Open LLM Playground from Azure AI Studio and attach the AI Search index created in Step 3 above. You should see that the flight tickets are retrieved successfully from the data source.

*Chat playground screen to configure the model, add data, and test the model response — Image by author*

Configuring the .NET Console App

Step 1. Set the following environment variables first.

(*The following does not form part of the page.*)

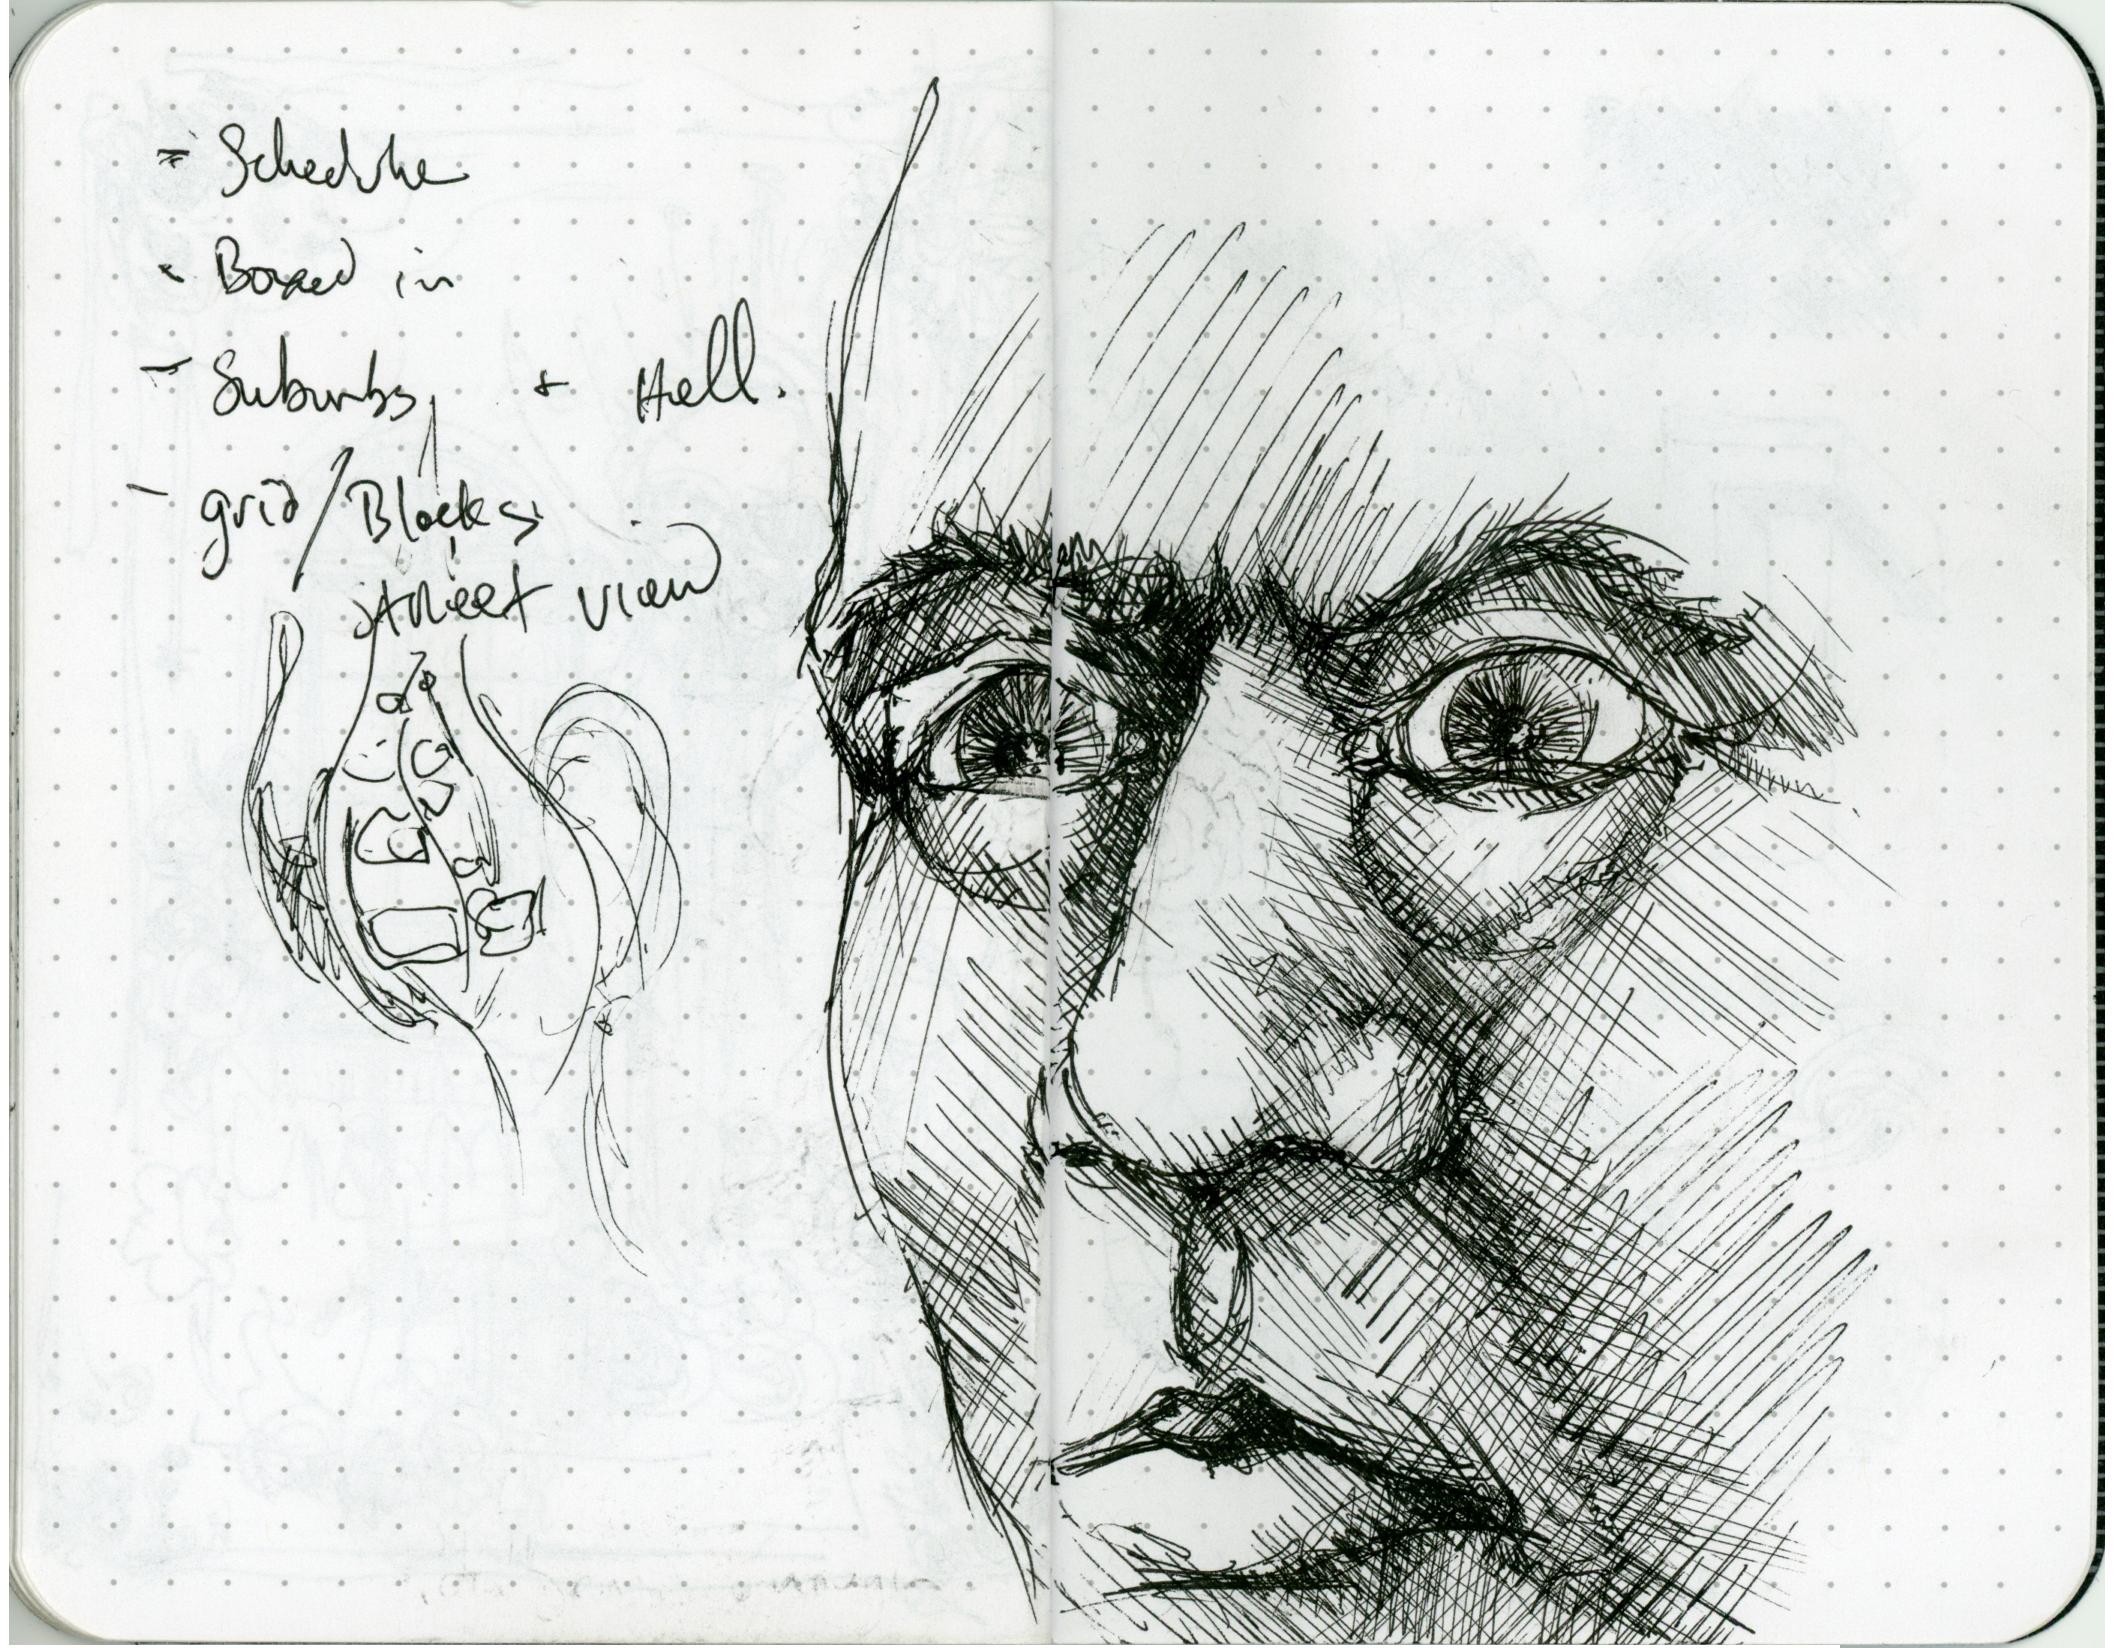 Sketchbook_021_0002_Layer-13.png

GPT_API_KEY=<OpenAI API Key>
AZURE_AI_SEARCH_URL=<Azure AI Search URL, e.g. https://xx.search.windows.net>
AZURE_AI_SEARCH_KEY=<Azure AI Search Key>
AZURE_AI_SEARCH_INDEX=<Azure AI Search Index Name, e.g. vector-xxx>

Step 2. Create a console App and add the code below to the Program.cs file.

using Azure;
using Azure.Search.Documents;
using Azure.Search.Documents.Indexes;
using Azure.Search.Documents.Models;
using Microsoft.SemanticKernel;
using Microsoft.SemanticKernel.ChatCompletion;
using Microsoft.SemanticKernel.Connectors.OpenAI;
using Microsoft.SemanticKernel.Embeddings;
using Microsoft.Extensions.DependencyInjection;
using System.ComponentModel;
using System.Text.Json.Serialization;

var c = new ServiceCollection()
    .AddOpenAIChatCompletion("gpt-4o", Environment.GetEnvironmentVariable("GPT_API_KEY")!)
    .AddOpenAITextEmbeddingGeneration("text-embedding-ada-002", Environment.GetEnvironmentVariable("GPT_API_KEY")!)
    .AddSingleton(new SearchIndexClient(new Uri(Environment.GetEnvironmentVariable("AZURE_AI_SEARCH_URL")!), new AzureKeyCredential(Environment.GetEnvironmentVariable("AZURE_AI_SEARCH_KEY")!)));
c.AddKernel();
var services = c.BuildServiceProvider();

var chatService = services.GetRequiredService<IChatCompletionService>();

var kernel = services.GetRequiredService<Kernel>();
kernel.ImportPluginFromType<AISearchPlugin>();

var settings = new OpenAIPromptExecutionSettings { ToolCallBehavior = ToolCallBehavior.AutoInvokeKernelFunctions };

var history = new ChatHistory();

try
{
    while (true)
    {
        Console.Write("Q: ");
        history.AddUserMessage(Console.ReadLine()!);

        var response = await chatService.GetChatMessageContentAsync(history, settings, kernel);
        history.Add(response);
        Console.WriteLine($"A: {response}");
    }
}
catch (Exception e)
{
    Console.WriteLine(e.Message);
}

// Based on https://learn.microsoft.com/en-us/semantic-kernel/concepts/plugins/using-data-retrieval-functions-for-rag
public class AISearchPlugin
{
    private readonly ITextEmbeddingGenerationService _textEmbeddingGenerationService;
    private readonly SearchIndexClient _indexClient;

    public AISearchPlugin(ITextEmbeddingGenerationService textEmbeddingGenerationService, SearchIndexClient indexClient)
    {
        _textEmbeddingGenerationService = textEmbeddingGenerationService;
        _indexClient = indexClient;
    }

    [KernelFunction("Search")]
    [Description("Search for flight tickets based on the given query.")]
    public async Task<string> SearchAsync(string query)
    {
        var embedding = await _textEmbeddingGenerationService.GenerateEmbeddingAsync(query);
        var searchClient = _indexClient.GetSearchClient(Environment.GetEnvironmentVariable("AZURE_AI_SEARCH_INDEX")!);

        var vectorQuery = new VectorizedQuery(embedding) { Fields = { "text_vector" } };
        var searchOptions = new SearchOptions { VectorSearch = new() { Queries = { vectorQuery } } };

        var response = await searchClient.SearchAsync<IndexSchema>(searchOptions);

        await foreach (var result in response.Value.GetResultsAsync())
        {
            return result.Document.Chunk!;
        }

        return string.Empty;
    }
    private sealed class IndexSchema
    {
        [JsonPropertyName("chunk")]
        public required string Chunk { get; set; }

        [JsonPropertyName("text_vector")]
        public ReadOnlyMemory<float> Vector { get; set; }
    }
}

Step 3. Using the code above, you can now query your private documents from a .NET console app.

Conclusion

With a fairly small effort, you can build a RAG-powered AI solution to query your private knowledge bases. This article can be the stepping stone to kindle more creative RAG for your use cases!